We are often in practice censoring books like “Monster” from the curriculum to maintain a space for “Mockingbird.” Often, we maintain that the book’s inclusion is in fact necessary to prevent censorship. But what if keeping it in the curriculum maintains the status quo of the past as much as it illuminates it? Many who defend “Mockingbird” as a choice for curriculum are imagining students emboldened by Atticus to “fight for right” or inspired by Scout to be better than the society into which she is born.

But imagine instead that you are an African-American eighth-grade boy in Mississippi today, and are asked to read “Mockingbird.” Perhaps it reinforces your growing suspicion that you are unlikely to get a fair trial should you stand accused of something like Tom Robinson.

Or imagine instead that you are an impoverished, white eighth-grade girl in New York today, asked read “Mockingbird.” Perhaps it fuels your growing suspicion that people don’t believe girls who say they have been raped — and that, should you be raped and try to tell people about it, people will have reason to doubt you like the book says everyone should have doubted Mayella Ewell.

Or think of Calpurnia, the older black maid who cooks and serves without seeing much: she isn’t developed as a character as much as written as a set piece, suggesting the worst to young readers about the role of black women and black female intelligence.

And then, of course, there is Tom Robinson, falsely accused and “crippled,” in the parlance of the book, meant to indicate that he would have been physically incapable of sexual assault. Asking a child reader to decode that artistic choice of Lee’s is to ask them to think about whether black men are not desirable, impotent or marred — or that rape is a crime that can only be committed by an able-bodied person.

Every student who reads Lee’s book does not identify with Atticus or with Scout, and teaching it as though they do, or they must, may reinforce the very stereotypes about black men and impoverished women that teaching the book is supposed to combat. Some identify with Tom Robinson, or with Calpurnia, or with Mayella Ewell and, for these students, “To Kill a Mockingbird” is a far more complex text which, in the hands of a less-than-effective teacher, can be damaging.

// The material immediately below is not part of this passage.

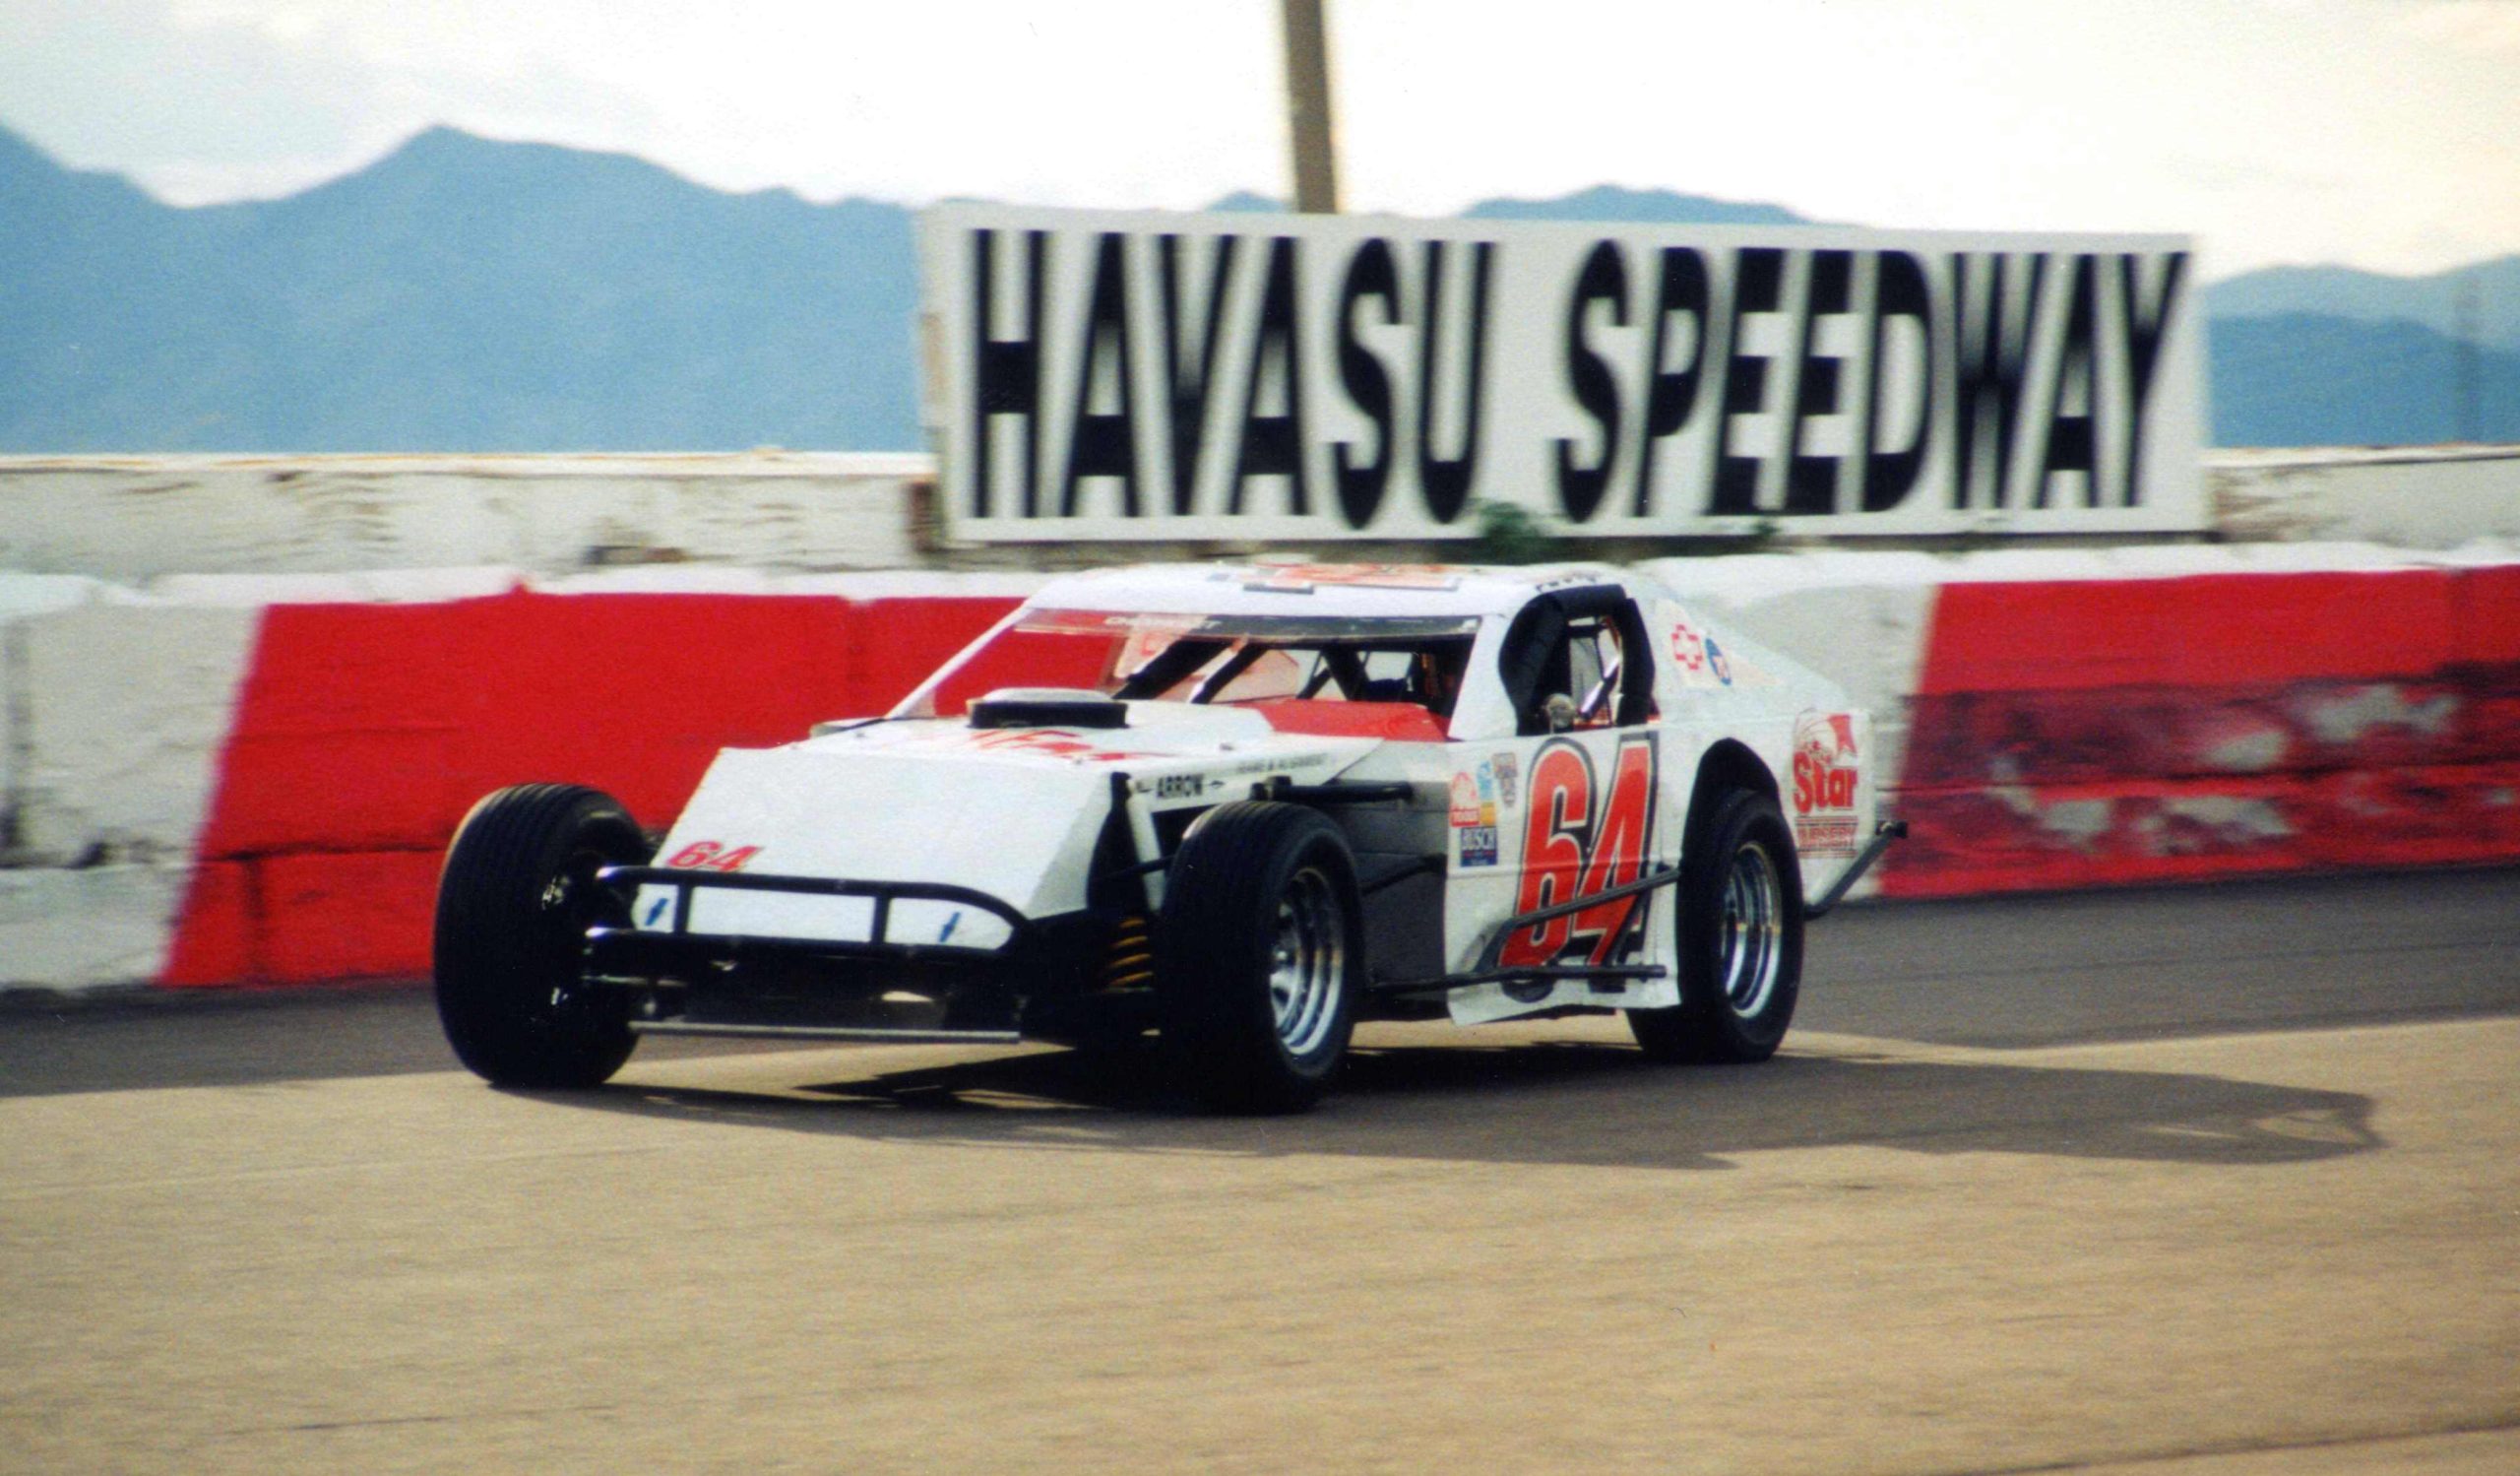 Havasu 95 Speedway Kurt Busch

So let’s move beyond a debate about censorship, about banning of books in classrooms, about the word “nigger.” All of that has been hashed over more or less effectively. Characters in novels think and act differently, and often in opposition to, the ways in which their authors think and act. It may be a sign that you are not a racist if you shine light on racists by creating one in fiction. Or it might not.

Let’s instead think about how, why and when we invite books into our classrooms, about the needs of an increasingly diverse student body and about how we can use difficult books to both illuminate our shameful past and better shape the young minds of our future. Though it holds sentimental pride of place for so many as the first book they read about race and injustice, “To Kill A Mockingbird” is more than a book about race and injustice, and it is not the only book about race and injustice. In the 21st century, it may not be the best book to illuminate those themes, especially when it reinforces so many stereotypes and misconceptions many eighth graders are hardly equipped to consider.